Abstract
Purpose
To examine breastfeeding behaviors among Hispanic women who participated in a postpartum nurse home visiting program with a focus on improving breastfeeding rates overall.
Design
An analysis comparing breastfeeding rates between Hispanic and non-Hispanic women and the impacts of anxiety, depression, breastfeeding confidence, and acculturation.
Setting
Yolo County, CA.
Subjects
Participants of the First 5 Yolo Welcome Baby: Road to Resilience home visiting program who completed both an initial and follow-up visit (N = 158).
Measures
Mothers self-reported breastfeeding behavior, breastfeeding confidence, anxiety, depression, ethnicity, insurance status, access to WIC, and acculturation (ie, language preference).
Analysis
Multinomial logistic regression with ridge regularization.
Results
Overall, anxiety and breastfeeding confidence were associated with more breastfeeding at 3 months postpartum. Anxiety had a greater negative impact on exclusive breastfeeding for non-Hispanic participants compared to Hispanic participants. High breastfeeding confidence was associated with increased exclusive breastfeeding at 3 months only for Spanish-preferring Hispanic participants.
Conclusion
Understanding health behaviors and resilience factors in Hispanic communities may inform interventions and policies in the US that improve breastfeeding rates overall.
Keywords
Purpose
Despite structural barriers to good health, Hispanic people tend to live longer and have better health outcomes, a phenomenon known as the Hispanic Health Paradox. 1 Breastfeeding promotes short- and long-term maternal and infant health,1-3 and Hispanic women in the US have the highest rates of breastfeeding initiation and duration with Hispanic immigrant parents being more likely to breastfeed compared to those born in the US.2-5 Acculturation is associated with lower breastfeeding rates among Hispanic people,5,6 which may increase Hispanic health disparities. Thus, it is important to understand factors that may support breastfeeding and counter the effects of acculturation in this vulnerable population. For example, home visiting (HV) interventions are known to support breastfeeding within and outside of the US, especially in underserved populations.7-9 The purpose of this study was to examine factors associated with breastfeeding maintenance among Hispanic women who participated in a postpartum nurse home visiting program in California.
Methods
Design and Sample
The UC Davis Internal Review Board approved this study and determined that there was no or minimal risk to subjects. We conducted a secondary analysis of cross-sectional data from First 5 Yolo Welcome Baby: Road to Resilience (Welcome Baby), a free and voluntary postpartum home visiting program for Medi-Cal-insured and uninsured women who delivered babies in Yolo County, CA between March 2022 and March 2023 (N = 252). Bilingual home visitors were available based on participant preference and surveys were offered and administered in participants’ preferred language. To examine breastfeeding maintenance, we included participants who had completed both an initial home visit at 1-2 weeks postpartum and a follow-up visit at home or via phone at 3 months postpartum (N = 188). Data collected via surveys included sociodemographics, mental health screenings, and breastfeeding information. Only participants who opted into screening for each of these categories and attended both the initial and follow-up visit were included in the final data set (N = 158).
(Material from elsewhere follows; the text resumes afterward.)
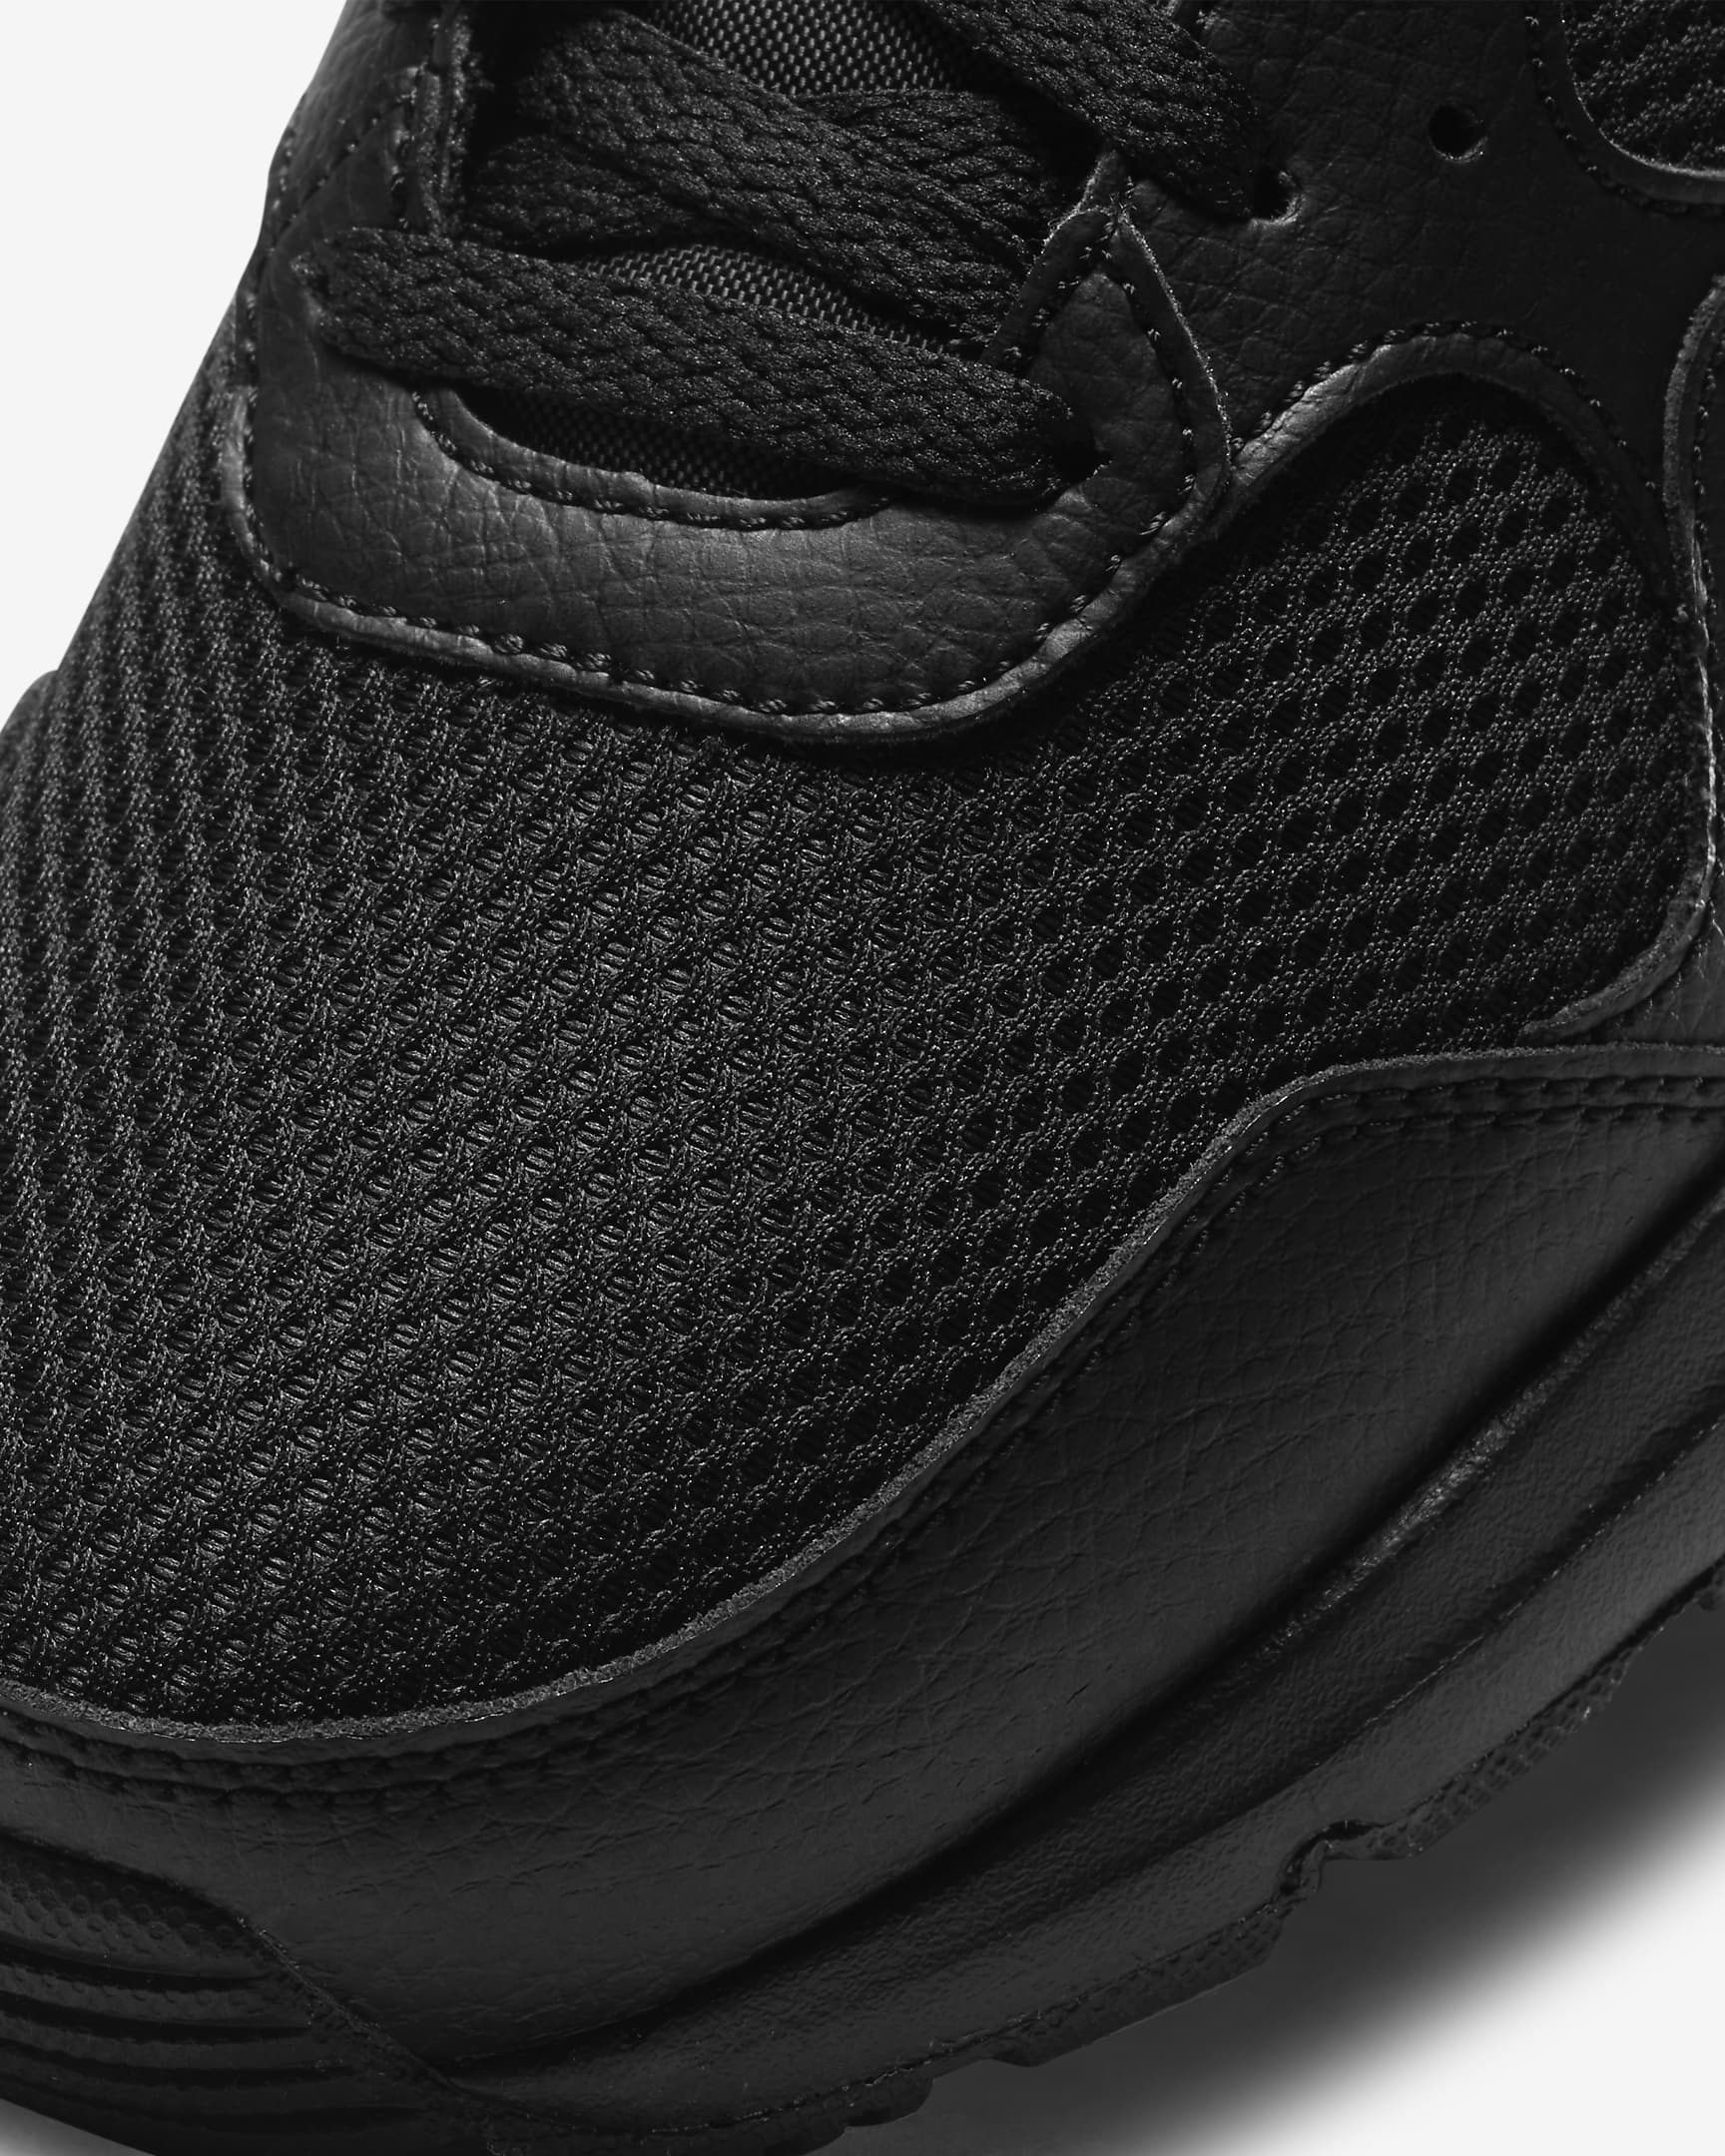 Nike Air Max SC Men's Shoes - Black/Black/Black

Study Variables and Measures
Outcome Variable
The primary outcome was self-reported breastfeeding status at 3 months postpartum recorded as breastmilk only, some breastmilk, and no breastmilk.
Independent Variables
Five predictors were examined. Breastfeeding confidence was measured at 3 months postpartum as: confidence stayed the same, a little more confident, and much more confident. Maternal anxiety was measured at both timepoints using the Generalized Anxiety Disorder 7-item (GAD-7).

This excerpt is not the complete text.